Submission from Vladislav Vainberg received on September 13, 2001 via e-mail
Subject: Comments - Government of Canada Copyright Reform
To Industry Canada, the Department of Canadian Heritage, the Intellectual Property Policy Directorate and other concerned agencies:
I write to you to express my opposition to and grave concern regarding the extreme intellectual property provisions of the Consultation Paper on Digital Copyright Issues (CPCDI).

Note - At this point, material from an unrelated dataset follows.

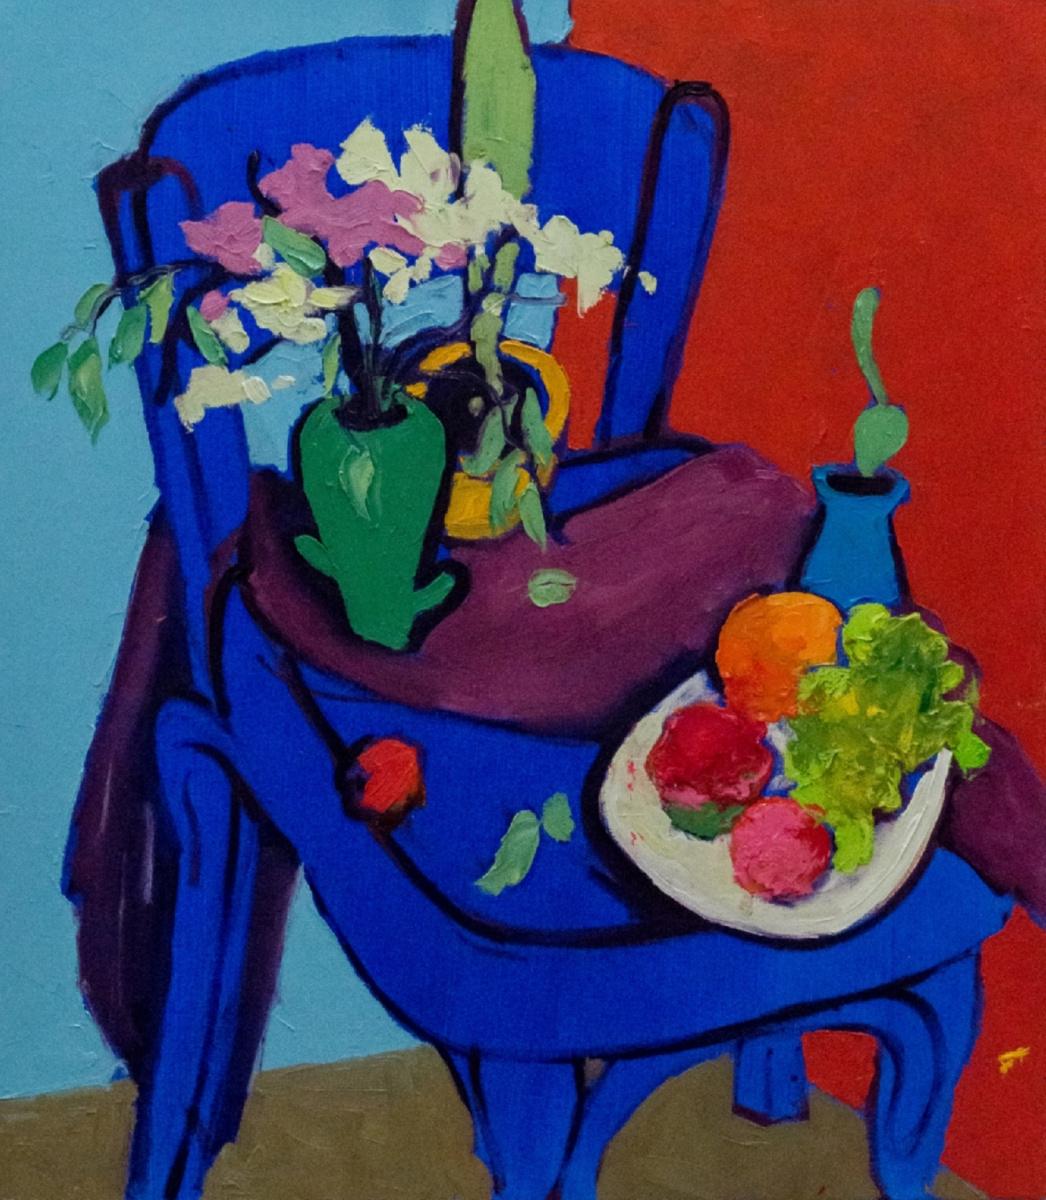 Angelina Gafinie. Still life on a blue chair
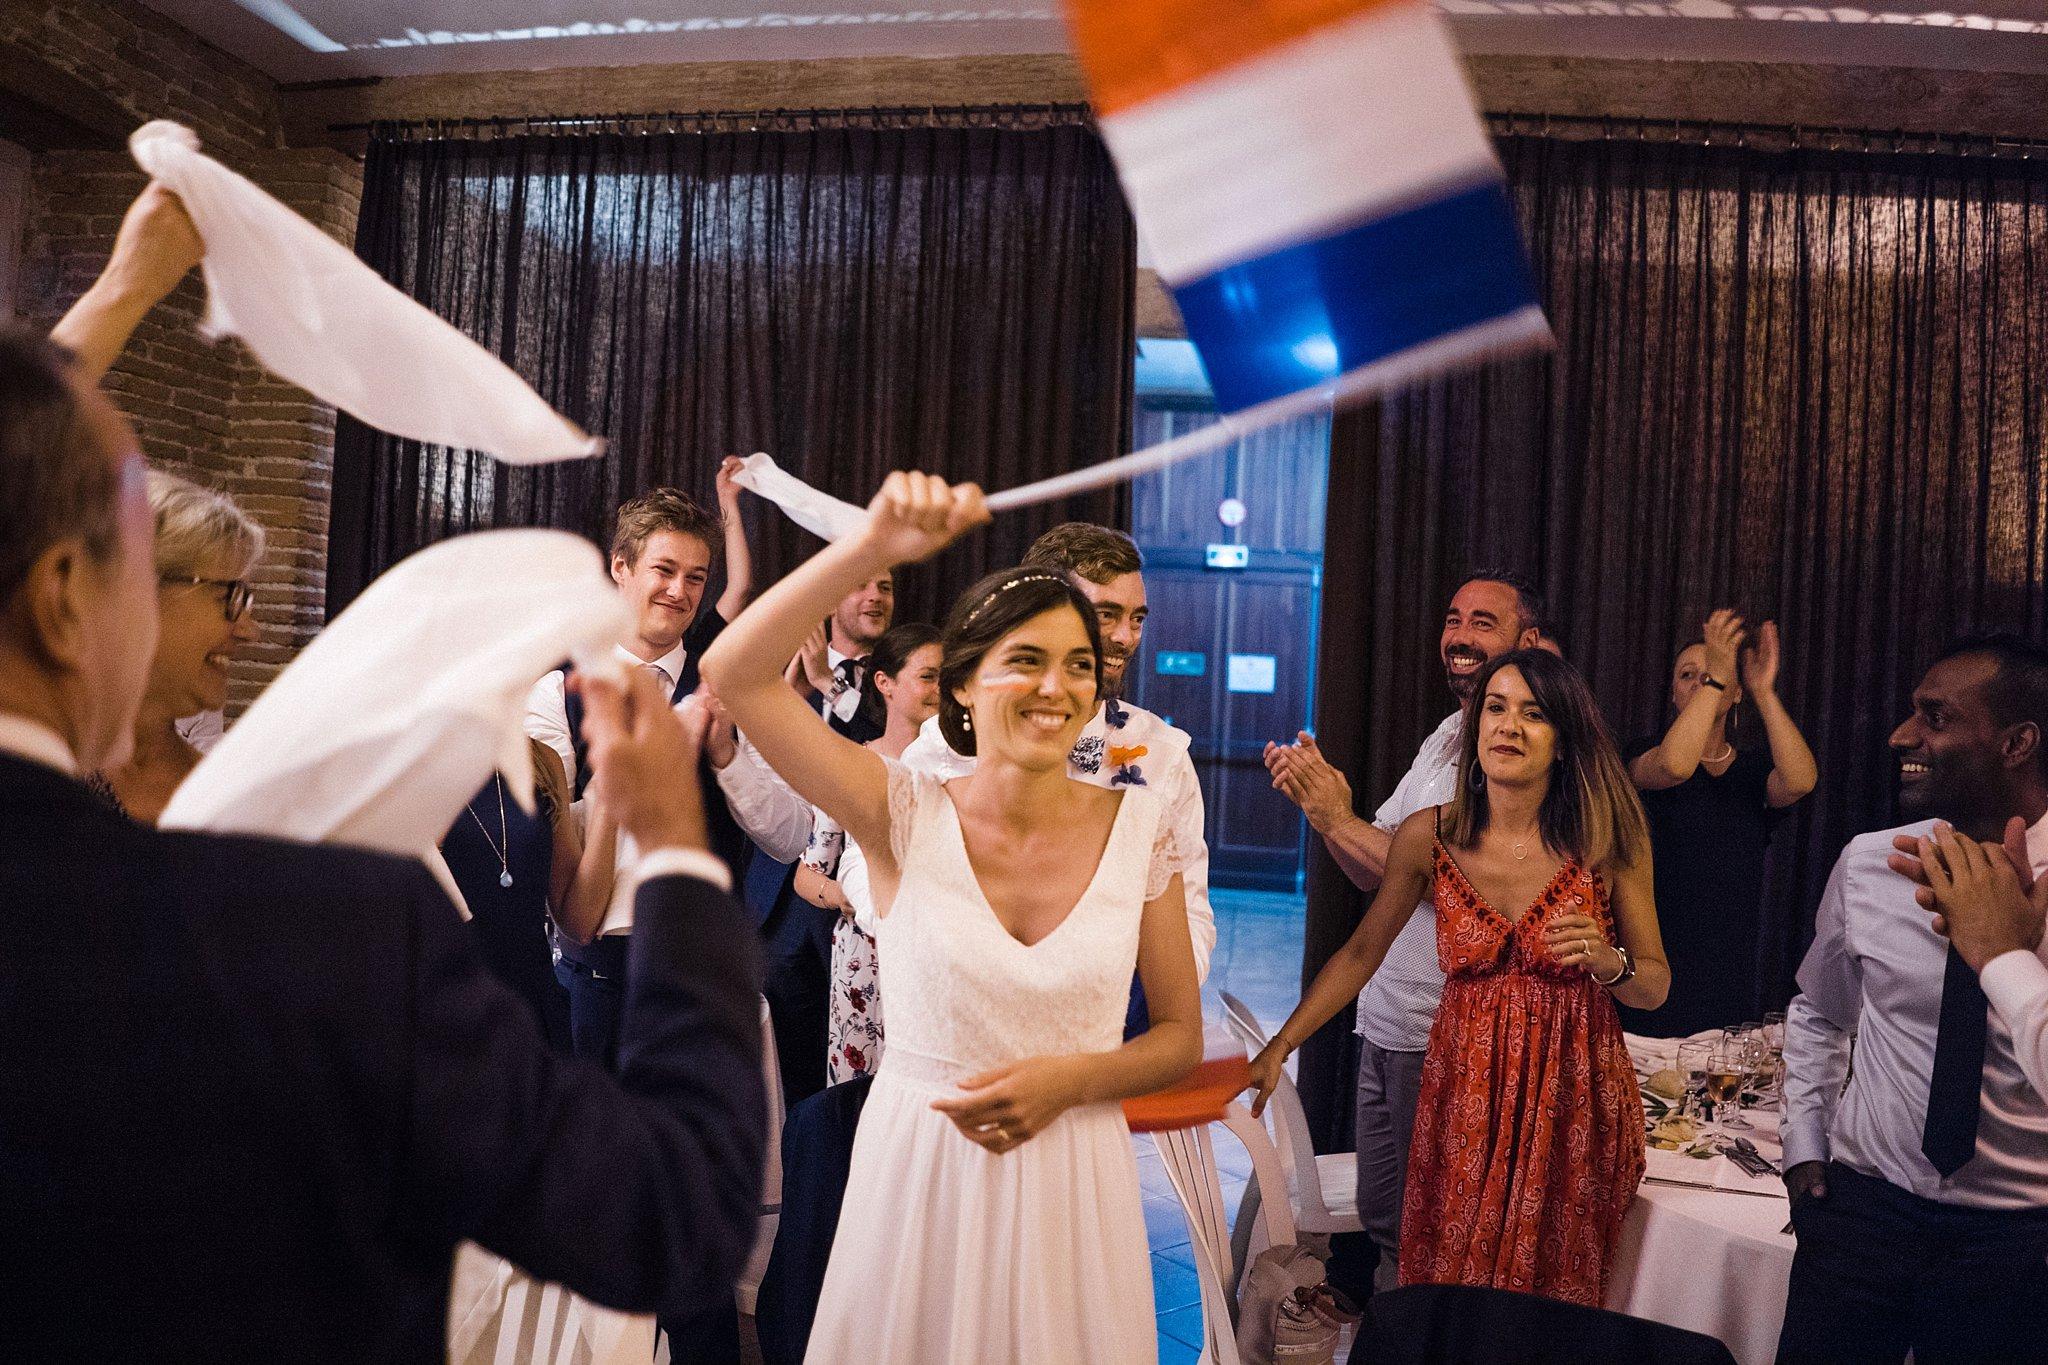 Mariage-a-la-maison-secall-hugo-hennequin-photographe-mariage-perpignan_0102.jpg

These measures, based on the US Digital Millennium Copyright Act (DMCA), give far too much power to publishers, at the expense of indivdiuals' rights. The DMCA itself is already under legal challenge in the US, has gravely chilled scientists' and computer security researchers' freedom of expression around the world for fear of being prosecuted in the US, and resulted in the arrest of a Russian programmer. Such actions, expanded onto a larger populace, will have a profound effect on development and distribution of new and innovative technologies, as well as limit our freedoms as citizens. In no way would the changes proposed enhance national security, should such an argument be used in light of recent events in the United States. The CPDCI provisions, which serve no one but corporate copyright interests, are just as overbroad as those of the DMCA.
These provisions would amend the Canadian Copyright Act to ban, with few or no exceptions, software and other tools that allow copy prevention technologies to be bypassed. This would violate the Charter of Rights and Freedoms guarantee of freedom of speech, and similar guarantees in the UN Universal Declaration of Human Rights, since such tools are necessary to exercise lawful uses, including fair dealing, reverse engineering, computer security research and many others. Such luddite terminology will have far reaching repercussions for our freedom.
I urge you to remove these controversial and anti-freedom provisions from the CPDCI language. The DMCA is already an international embarrassment and a slap in the face of the free world. There is no reason why Canada should stand behind such unabashedly pro-corporate legislation, being financed and lobbied by the types of would-be monopolies such as Microsoft and the American recording industry. It is time for our lawmakers to stand behind the regular citizens, and not behind people motivated solely by greed.